The Evolution of Stable Strategies
The theory of games has been applied for nearly four decades to models of economic, social, and biological behaviour, largely through the notion of optimal strategy, but more recently through the notions of Nash equilibrium and evolutionarily stable strategy, the latter having been introduced in Maynard Smith (1974). The choice of strategy by the two agents in these models is governed by the assumption that the two agents are in competition for the advantages to be sought, and by the further assumption that their choices will be made with full knowledge and understanding of the mathematical analysis which lies behind the models. But the role of models where the strategies are arrived at through cooperation, instead of competition, between the two agents is greatly underestimated in some quarters, as the recent book by Boorman and Levitt (1980) will attest.
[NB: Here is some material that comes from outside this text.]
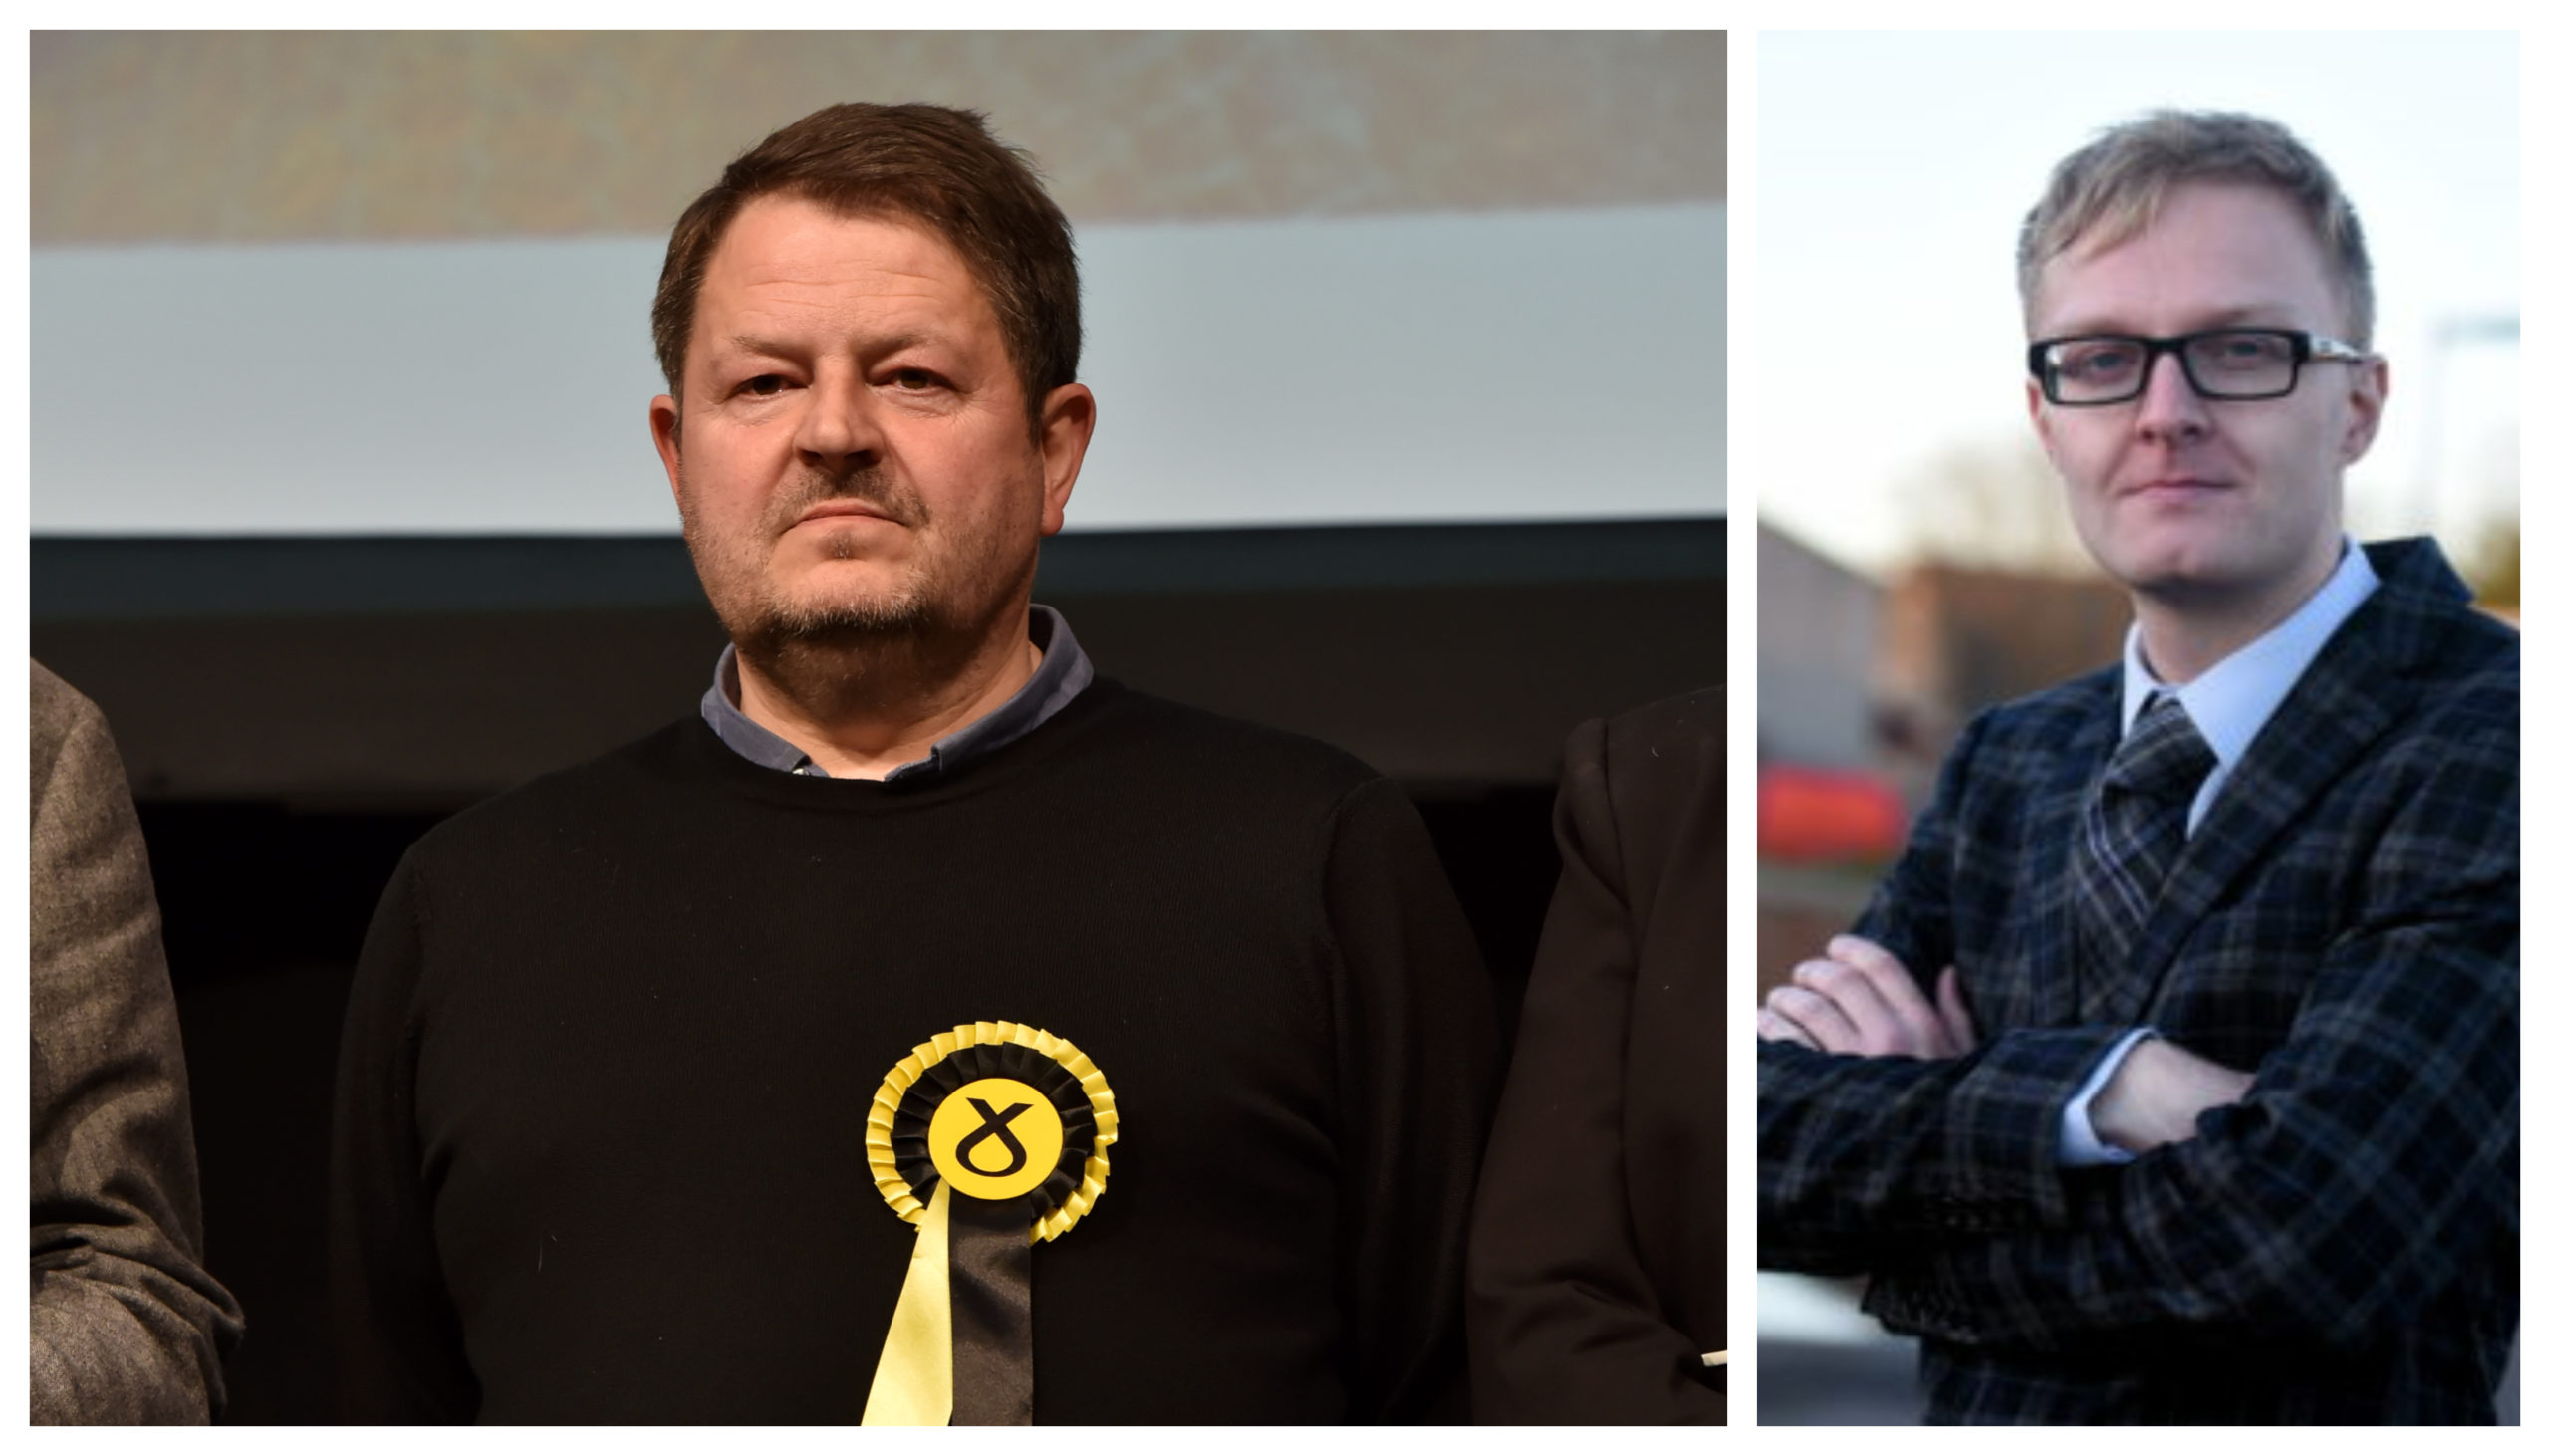 Alastair Bews, left, quit the SNP group soon after fellow Aberdeenshire Councillor Leigh Wilson, right, did the same. Both are continuing as independents.

Moreover, the assumption that the most desirable strategies will be chosen immediately by both agents, as soon as the mathematical analysis of the model is made manifest to them, sits rather uneasily alongside the sorts of assumptions found in other branches of modelling, where optimal solutions are reached gradually through a series of trials and errors. The original formulation of evolutionarily stable strategies tried to introduce a dynamical point of view into the static theory of games by explaining why we should expect deviations from stable strategies to be selected out of the population through evolution. However, a truly dynamic convergence to the desired strategies has only recently begun to emerge in the work of such authors as Hines (1980a,b).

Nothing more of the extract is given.